* [Task directions]
Restate every line of the material that follows, word for word.

* [Dataset section]
###
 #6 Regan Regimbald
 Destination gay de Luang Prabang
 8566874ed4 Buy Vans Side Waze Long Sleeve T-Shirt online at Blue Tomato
###
* [Task result]
 #6 Regan Regimbald
 Destination gay de Luang Prabang
 8566874ed4 Buy Vans Side Waze Long Sleeve T-Shirt online at Blue Tomato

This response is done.